- Born: March 29, 1843 Maine, U.S.
- Died: May 17, 1926 (aged 83) Grand Junction, Colorado, U.S.
- Allegiance: United States
- Branch: Union Army
- Rank: Corporal

= Eli S. Ricker =

American journalist (1843–1926)

Eli Seavey Ricker (April 29, 1843 - May 17, 1926) was a corporal serving the Union Army during the American Civil War, newspaper editor, rancher, judge, and activist known for his support of Native Americans and other social causes. He was one of the first historians to recognize the validity of the Native American views.

==Biography==
Ricker was born in Maine in 1843. He later moved to Knoxville, Illinois, and was 17 years old when the American Civil War began. Ricker had been working as a journalist for a number of years already, reporting for the Knox County Observer and Galesburg Free Press.
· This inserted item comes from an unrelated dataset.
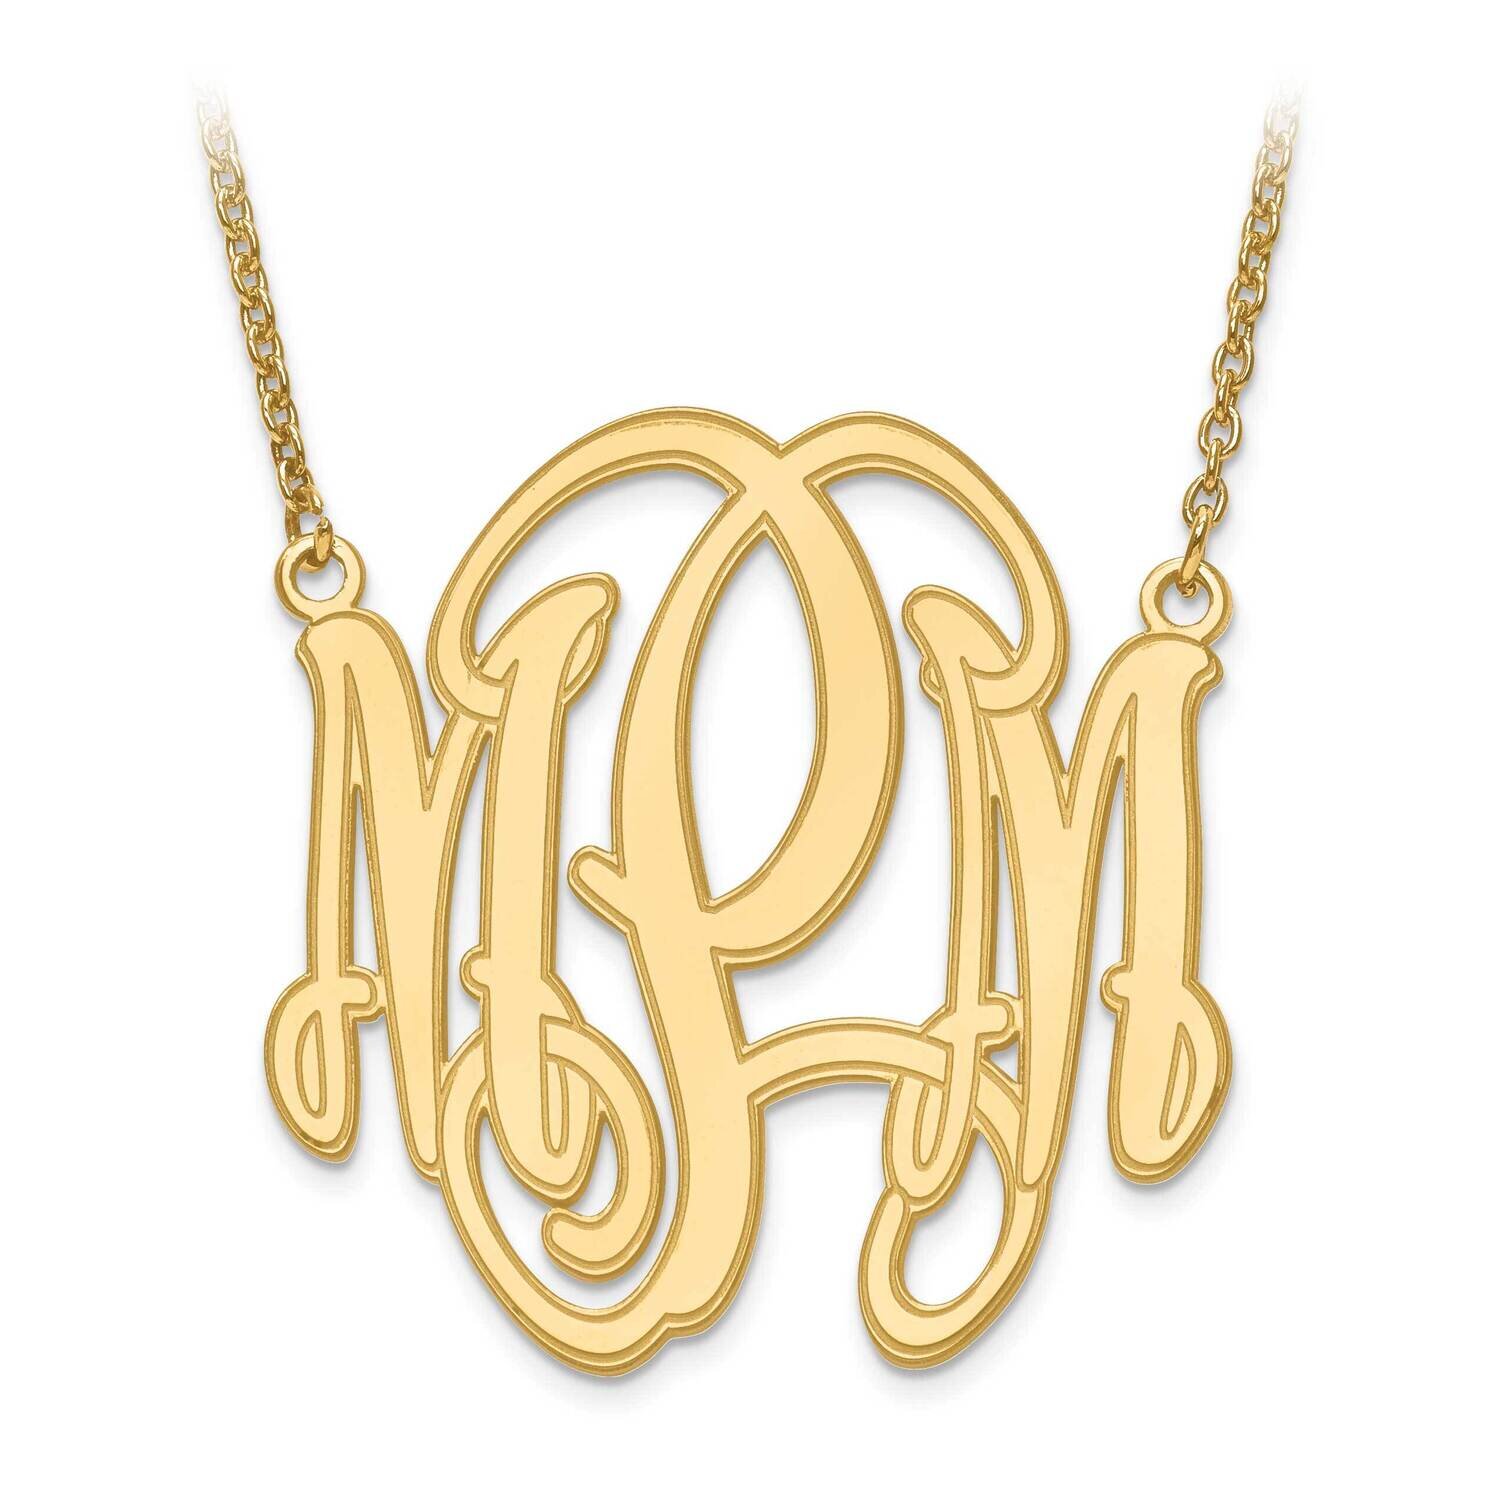 Circular Etched Outline Monogram Plate with Chain Gold-plated Silver XNA554GP
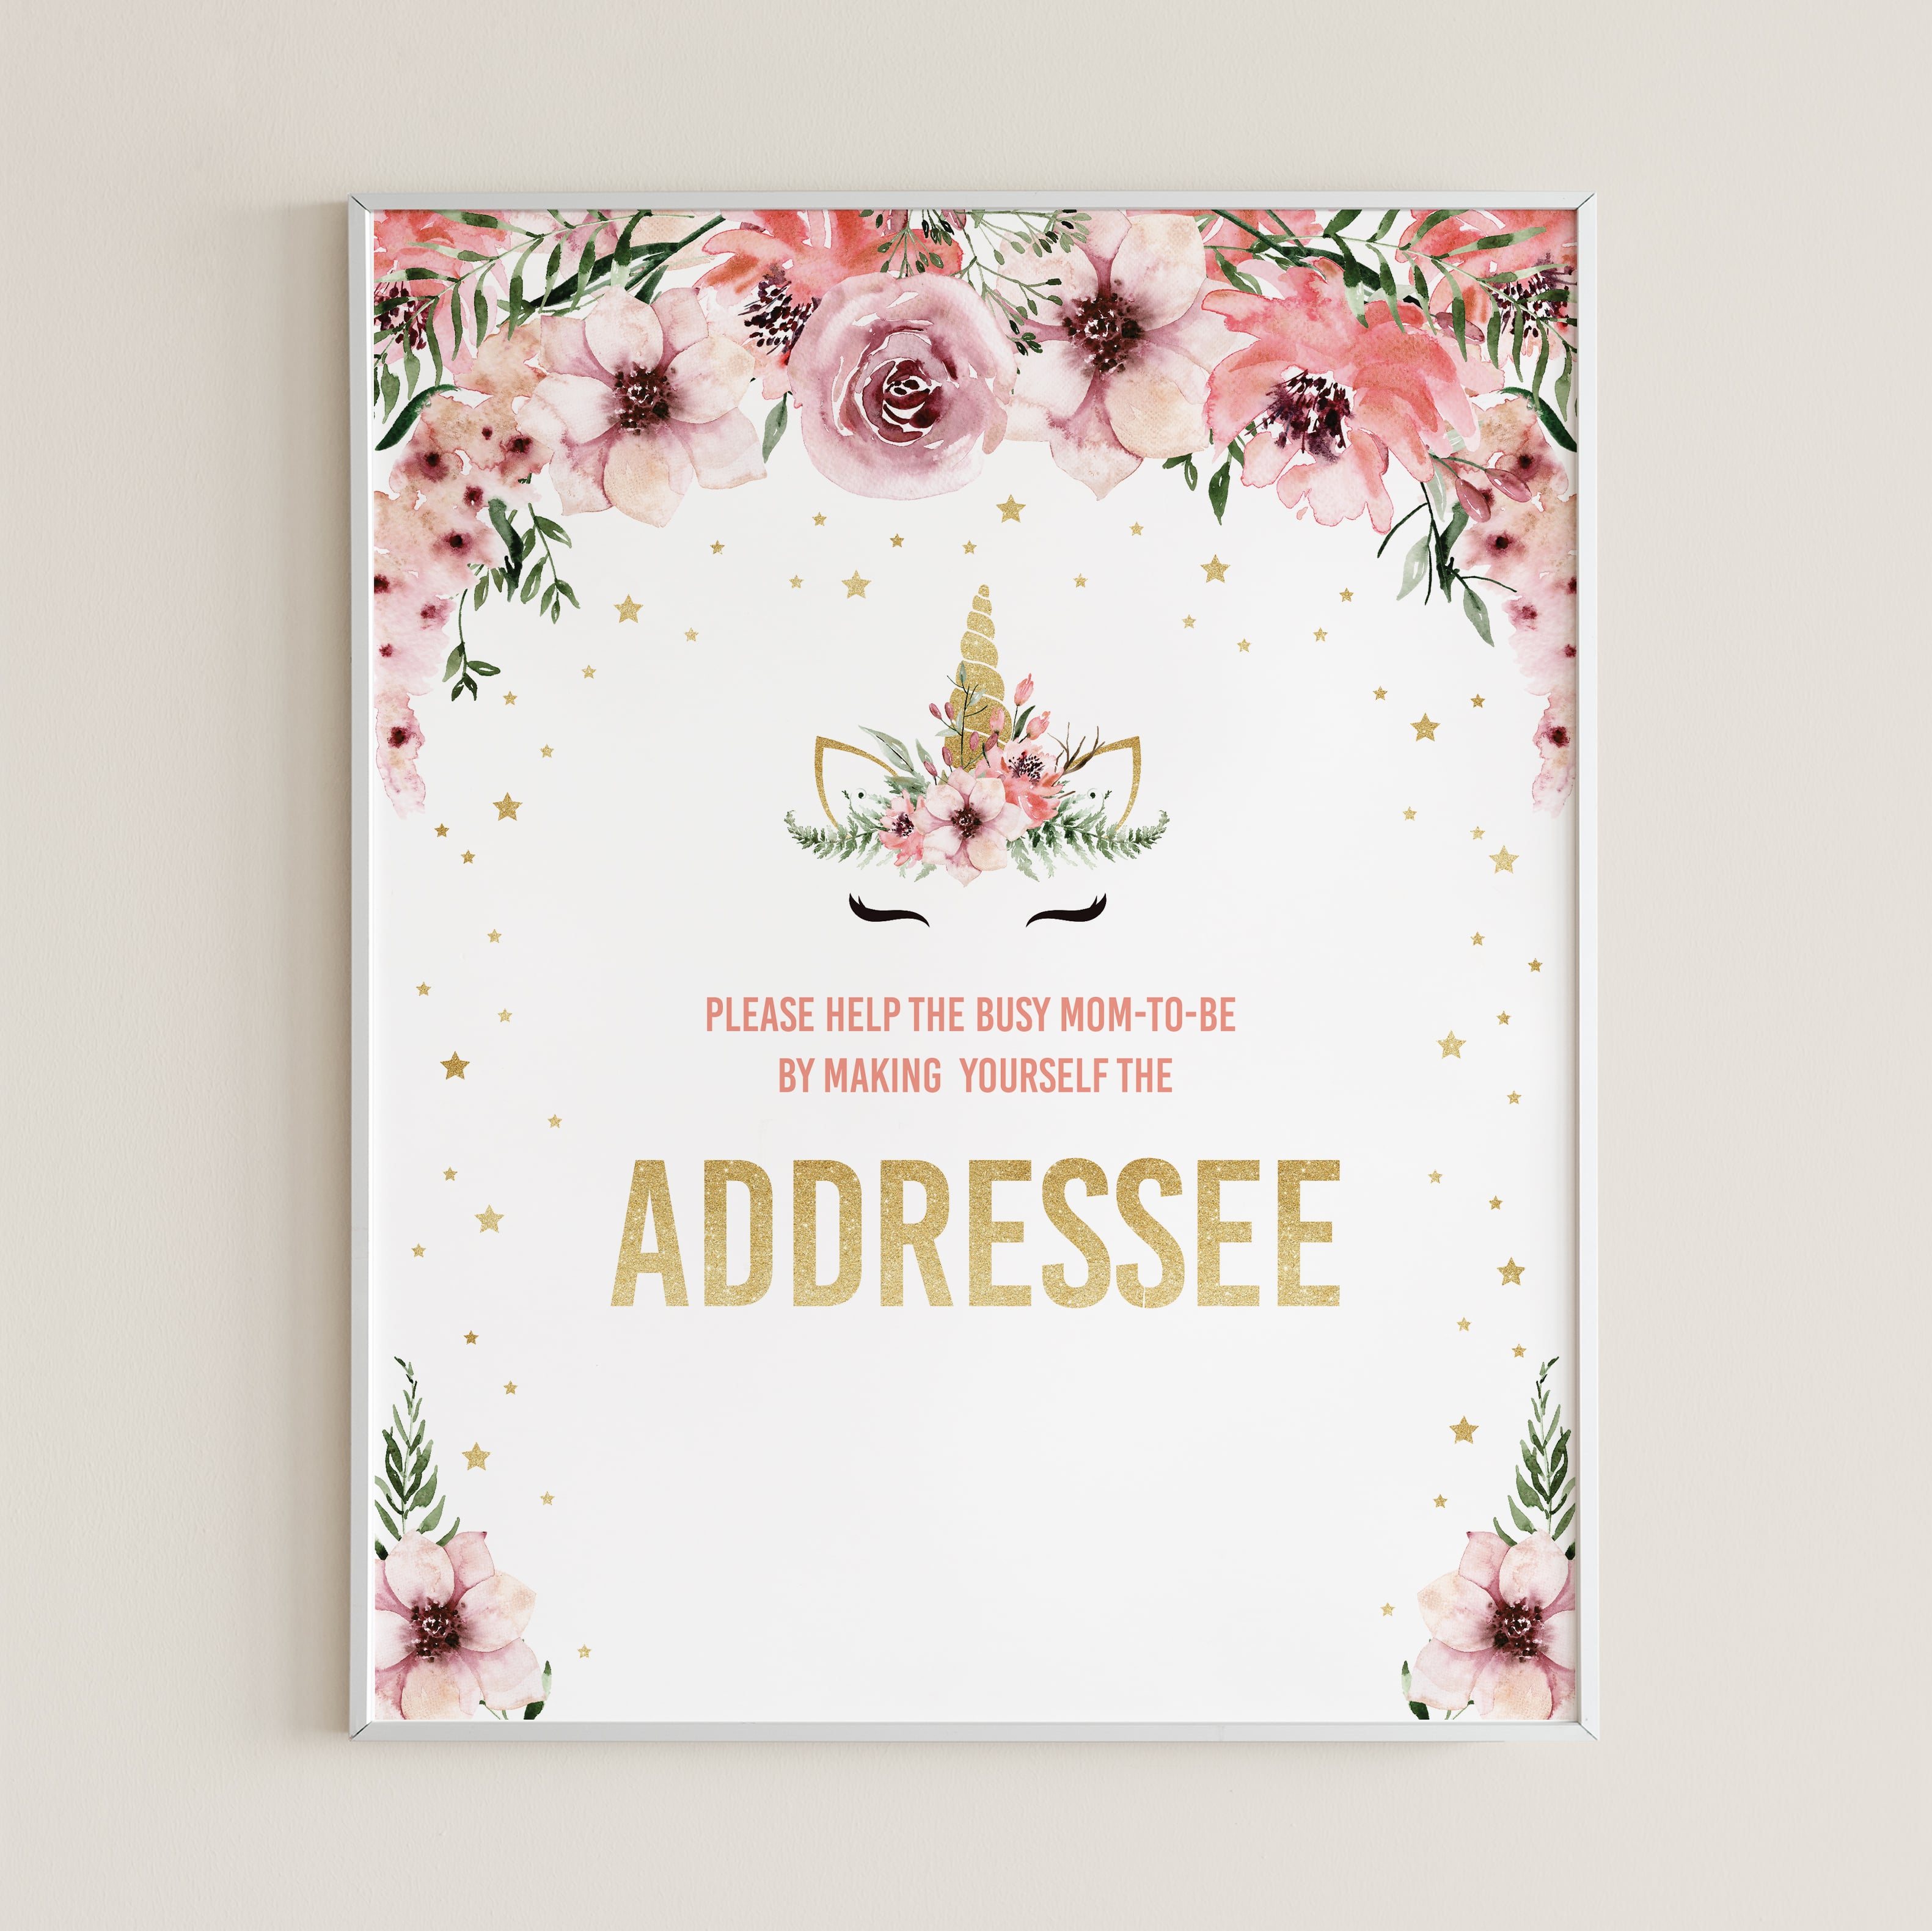 Adress an envelope sign for girl baby shower download by LittleSizzle

He enlisted in 1862, and served as a corporal in the 102nd Illinois Volunteer Infantry Regiment during the war, which took part in Sherman's March to the Sea. He also wrote for newspapers back home giving an account of the war.

After the war, Ricker became a newspaper owner and editor in Nebraska as well as a county judge. He is most well known for his progressive views on Native Americans and the more than fifty interviews he did with various Native Americans, as well as scouts and settlers, recording various eyewitness accounts on events during the Indian Wars in the west, such as the Battle of the Little Bighorn and the Wounded Knee Massacre. He recorded this information for a book he planned on writing to be entitled "The Final Conflict between the Red Men and the Palefaces." Ricker recorded more than 1,500 pages on ruled tablets which came to be known as the "Ricker Tablets". He never got around to writing his book but the information he gathered, many first hand accounts of historical events, is considered an invaluable historical resource for documenting the history of the American West. These tablets are now in the archives of the Nebraska State Historical Society.

His wife, Mary, burned to death in the couples' home in February 1925. Ricker died on May 17, 1926, at his home on Ouray Avenue in Colorado.